Re: RL notation

On Feb 7, 2:29 pm, Marshall <marshall.spi...@xxxxxxxxx> wrote:
Can we
have just one more constant: Universal Equality Relation (denoted as
E)? Then `x=y` is defined as E projected to attributes x and y.

What are the advantages and disadvantages? It doesn't seem
much different from having = as a logical operator. But maybe
it is, and equality (and hence substitutibility) exists only in the
metalanguage. I guess one advantage would be that E would
then be subject to the regular axioms as any other relation is.

... plus some extra.

What abouy
incompatible domains, though? If x and z are incompatible, we can't
define E projected to x,z as empty. We have to (somewhat counter
intuitively) to define x=z as a cartesian product of the domains!

Can you be specific with what you mean by incompatible domains?

Like {a,b} incompatible with {1,2,3}...

I would think the domain of the attributes of E would be the
universal set of whatever is allowed to be in a tuple.
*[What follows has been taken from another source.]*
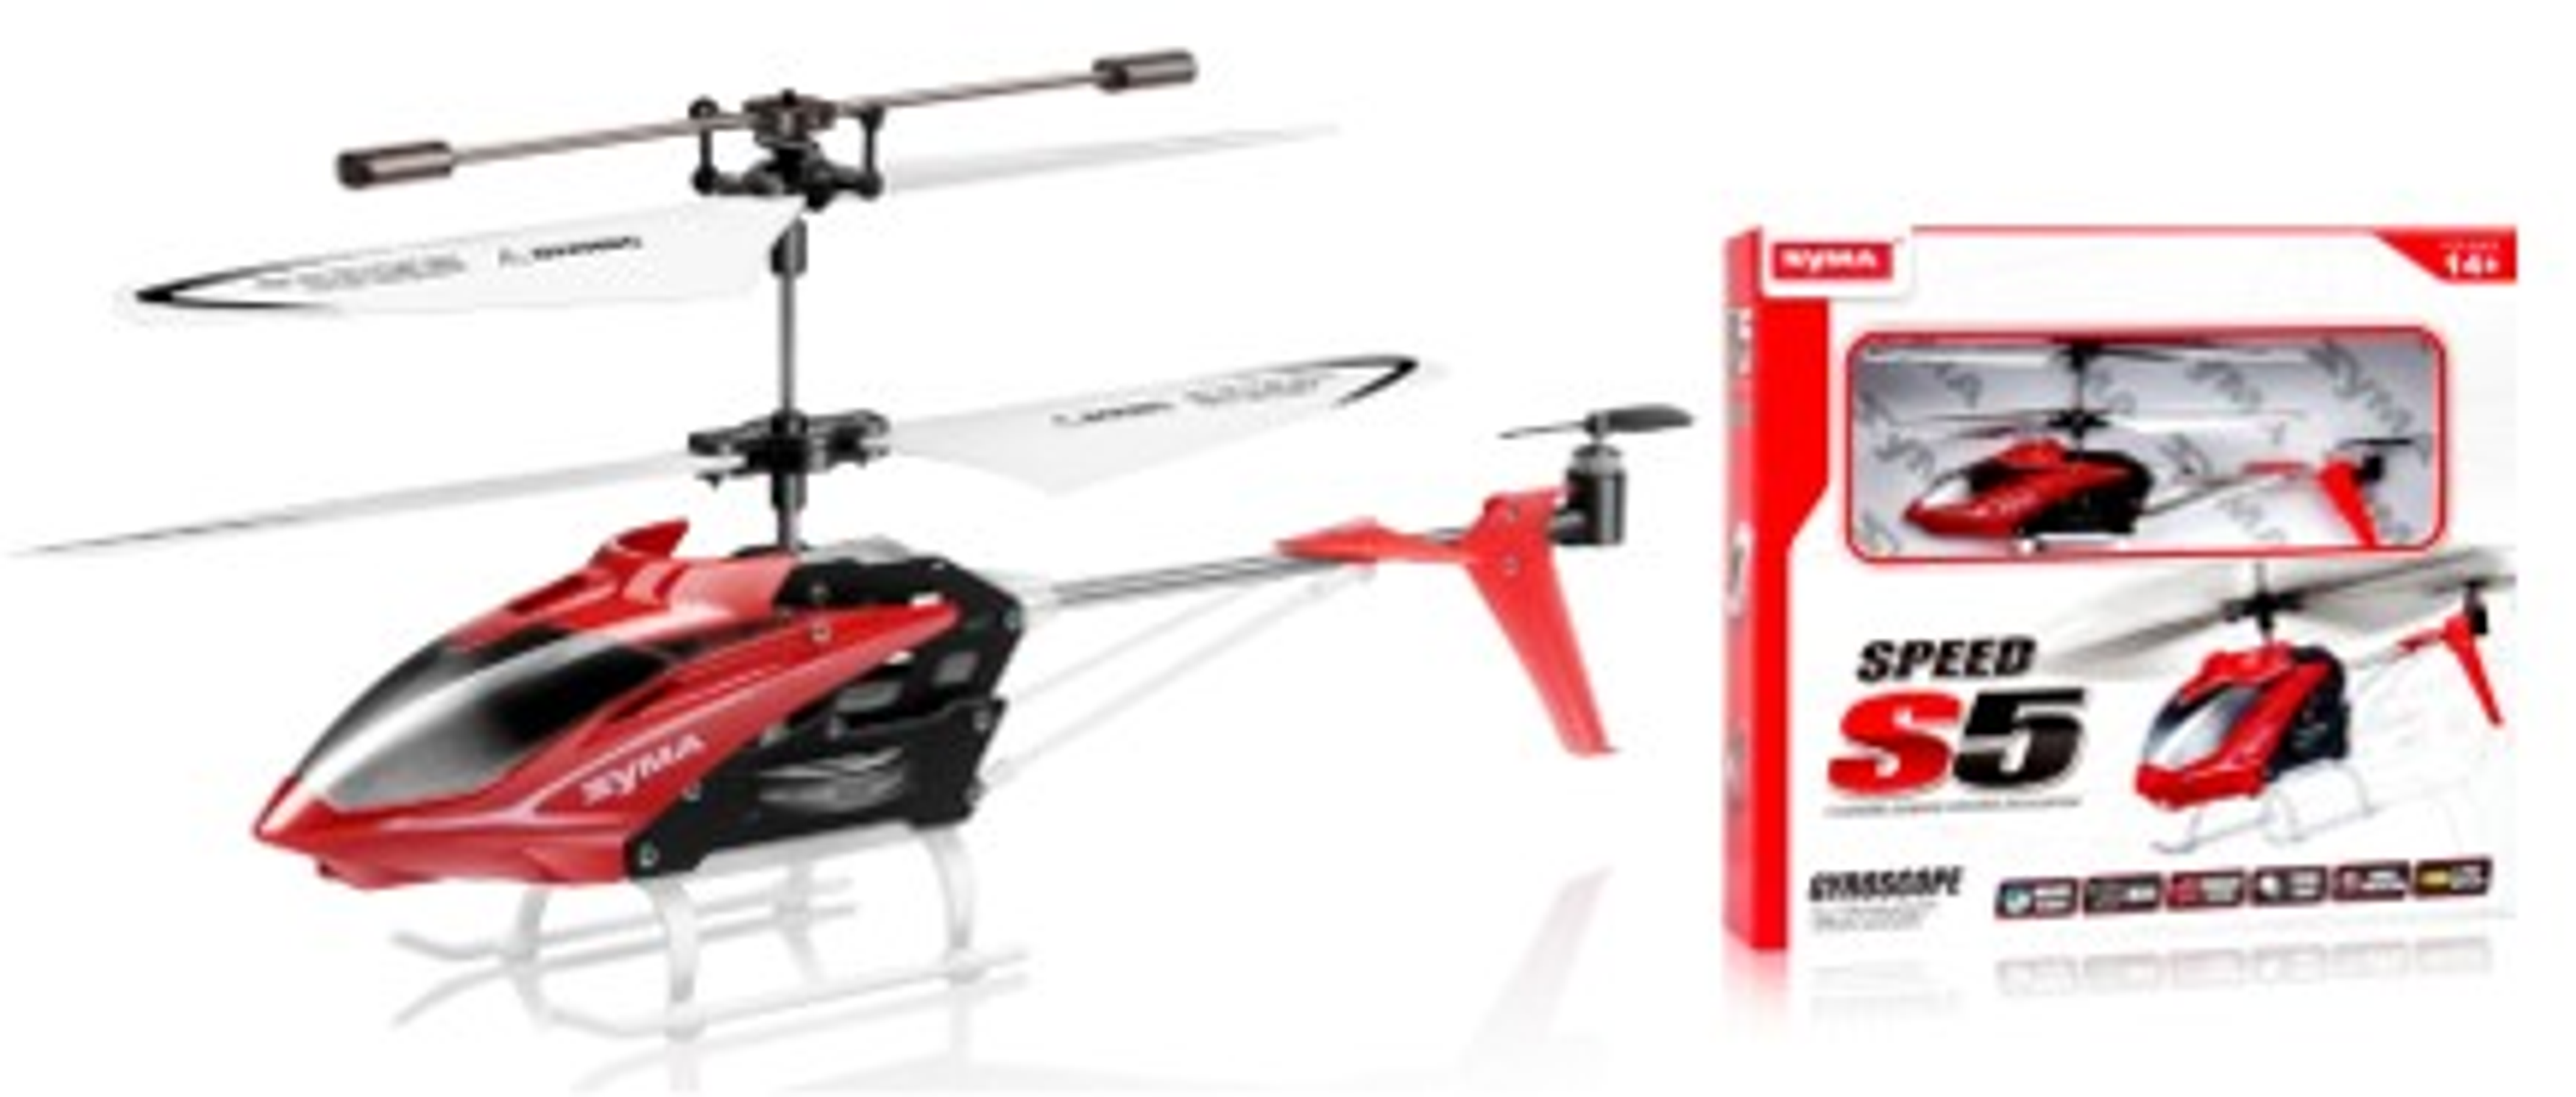 Syma - I/R S5 Speed Helicopter Red (50400) - Leker

...although as you wrote here this "incompatibility" is mostly a
perceived problem.

(If the
theory allows nested relations, then it would contain all
relations; if the theory admits things that aren't relations,
then it would contain all such things.)

Hmm, I never enlarged the scope of domain values to nested relations!
Now I understand what you mean by being able to look at the relational
equality as a relation.

So we have 5 constants: 00, 01, 10, 11 and E -- sounds too many.
Although, 10 and 01 are the least intersting elements of RL, so it is
really only 00, 11 and E that matter.

You at least need 10 and 01 as the lattice top and bottom
elements, which makes each one the fixpoint and identity
for meet and join. If we are going to axiomatize the RL
then we need axioms to say at least this much.
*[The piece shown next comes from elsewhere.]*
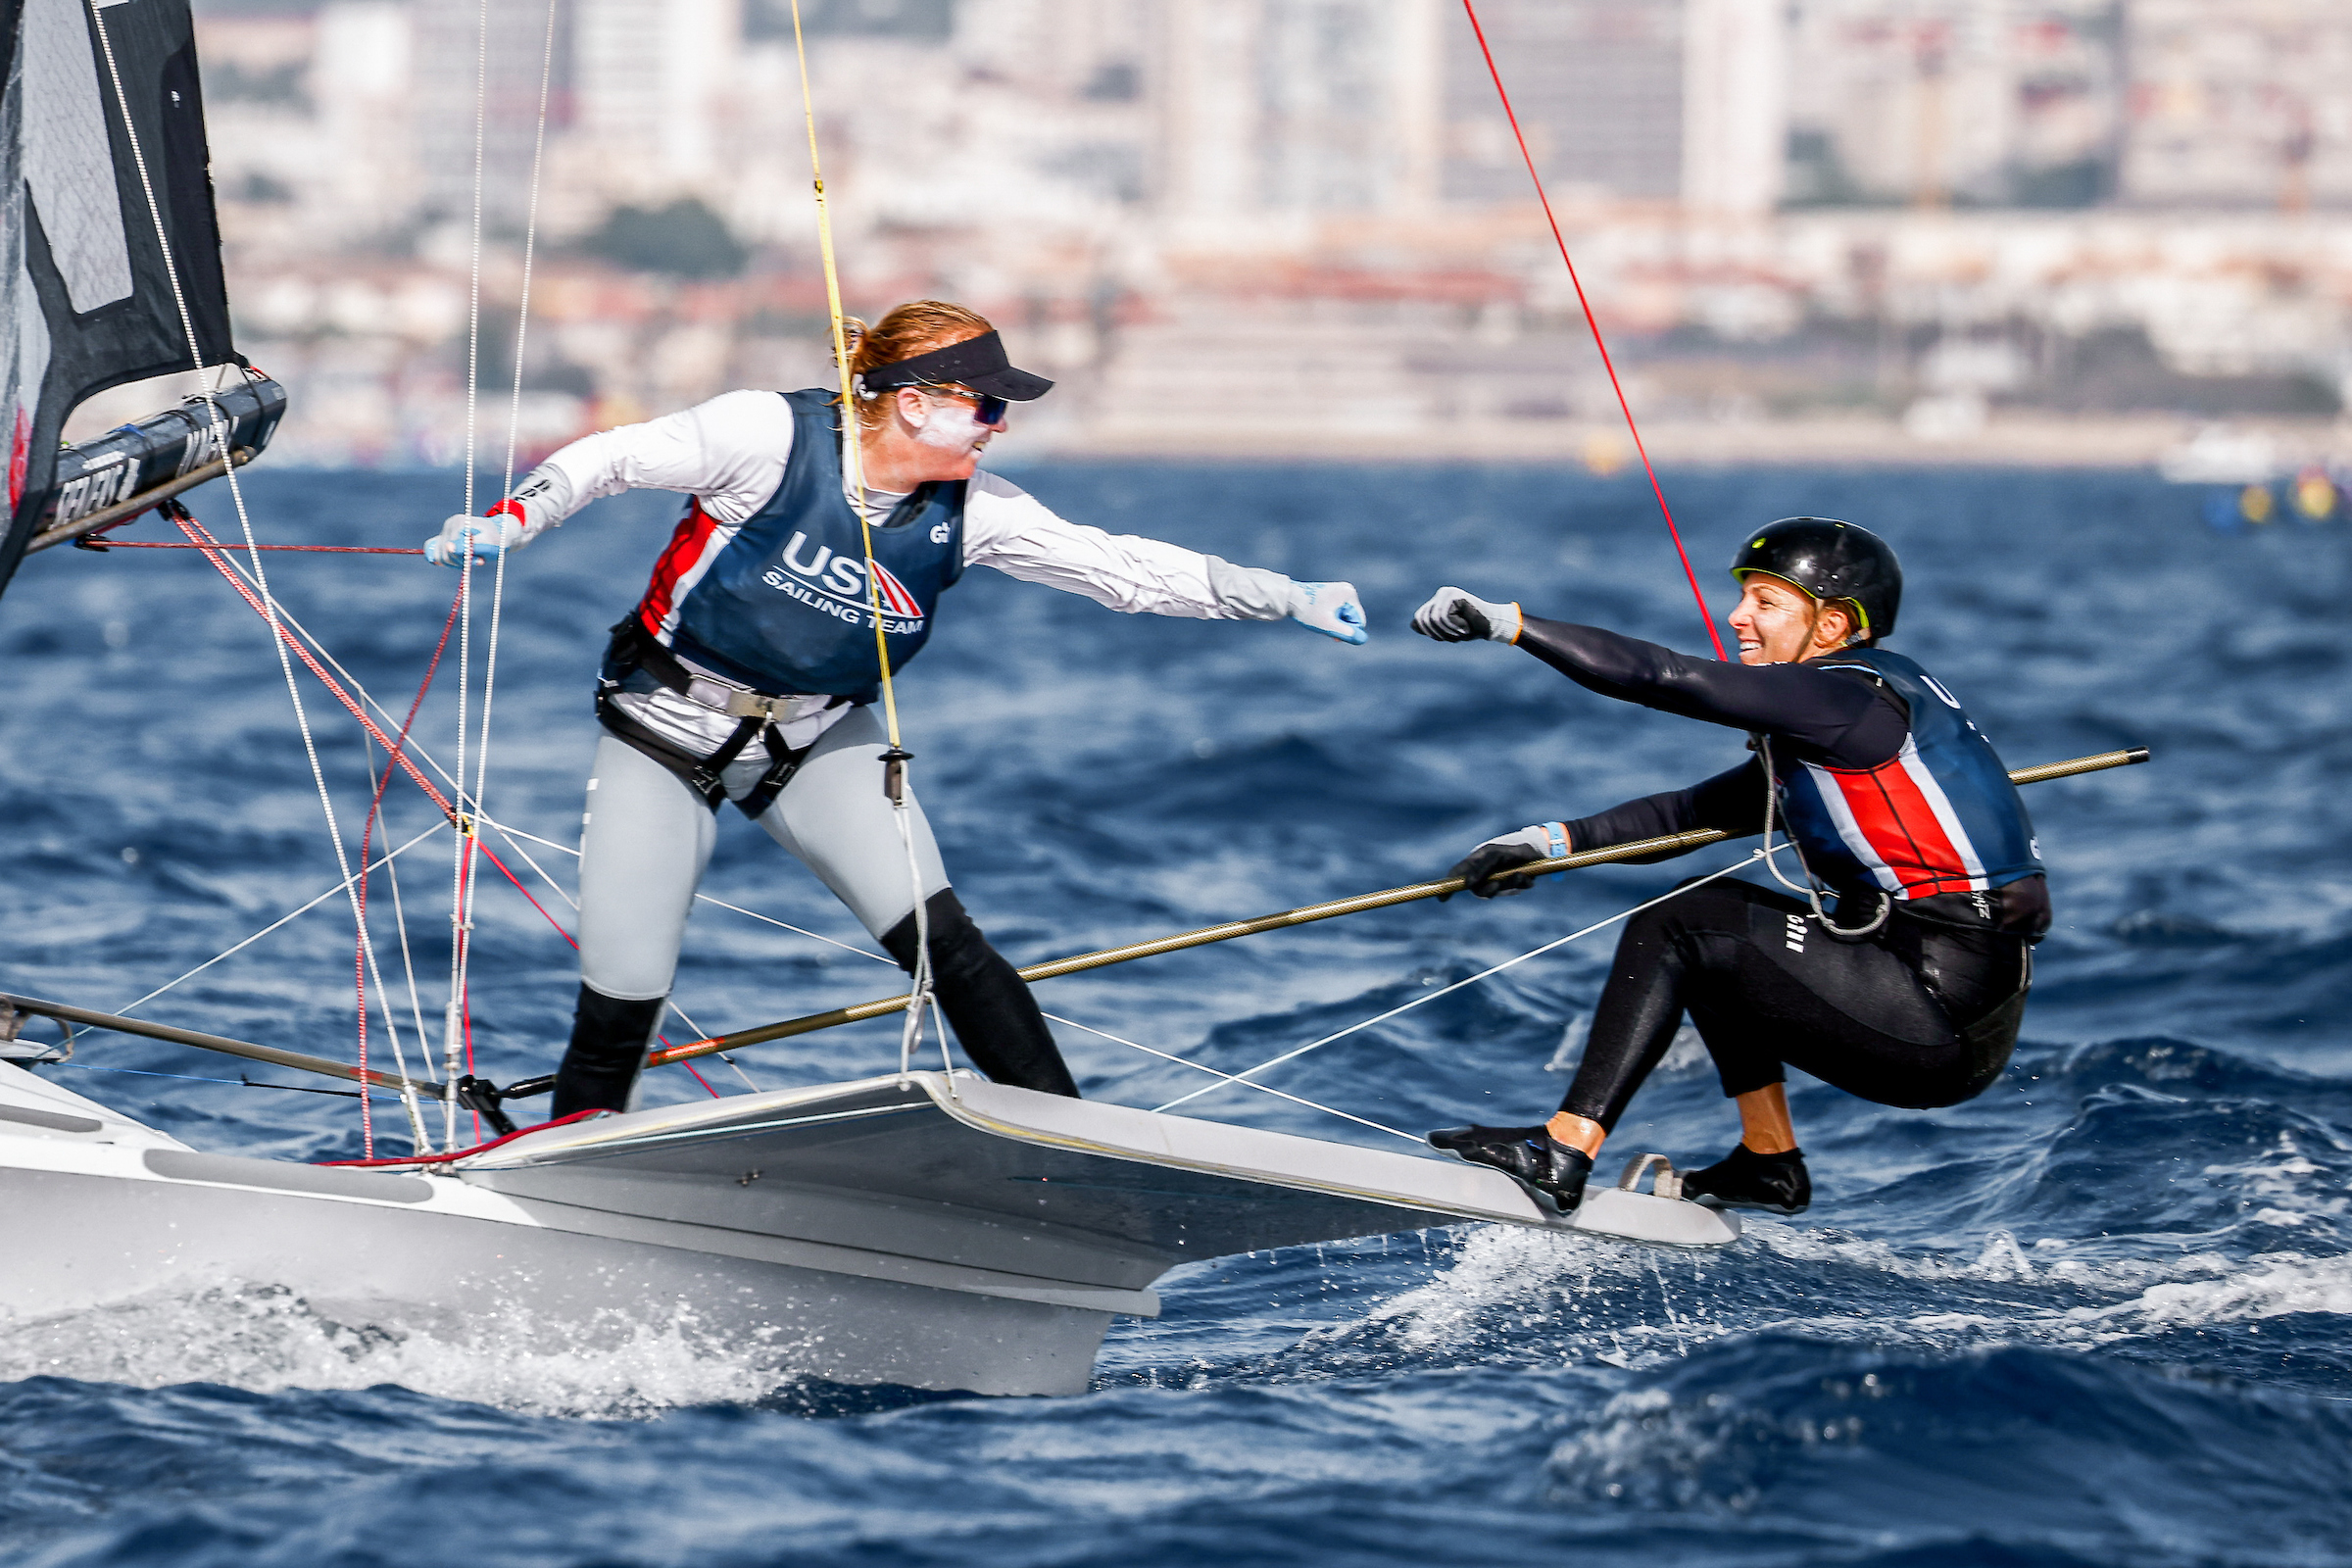 Maggie Shea and Stephanie Roble sailing at a Paris test event in July 2023. (Courtesy of US Sailing)

No, the top and bottom are not redundant, they are the least
interesting. I can't think of any relational expression (a query, or a
constraint) where you need them. Indeed, as soon as we have

R \/ 10

then we just rewrite it as

R

Likewise the

R /\ 10

is reduced to

10

Eventually you either get rid of 10, or collapse the expression to a
single 10. Ditto for 01. So you can't really express any non vacuous
fact about the database with them.

I'd suggest operating
RL expressions in completely attribute free fascion. Whenever there is
an expression and there is a relation with some specific constraints
(e.g. having attribute x, or being empty), then it could be rewritten
in more general way without these constraints. In principle generality
should lead to simplicity....

It actually seems to be easy. Consider the "equality" axiom

R(x,y) /\ `y=z` = R(x,z) /\ `y=z`

Informally, we requre the renaming of the attribute y into z to be
consistent with the equality relation `y=z`. So we have three
attributes x,y, and z. First of all the fact that attributes are
atomic is not significant, we can easily think of "composite"
attributes as disjoint sets of attributes! Next if we just agree to
call empty relations as "attributes" then we half way to our goal of
excluding the concept of attributes altogether. So what constraint to
the relations x,y,z do we have? Easy:

x \/ y = 00
x \/ z = 00
y \/ z = 00

They say both that x,y,z are empty, and their set of attributes are
disjoint! If you really insist on atomic attributes, then we can
define them as atoms in the boolean algebra of the header relations,
but again, this is unnecessary constraint.

Next, the next two constraints

R /\ 00 = x /\ y
S /\ 00 = x /\ z

are specify what are the attributes of the two relations R and S. And,
finally, the constraint

R /\ (E \/ (y /\ z)) = S /\ (E \/ (y /\ z))

tell us that R and S is essentially "the same" relation,

P.S. I propose small letters for empty relations as a convention.
.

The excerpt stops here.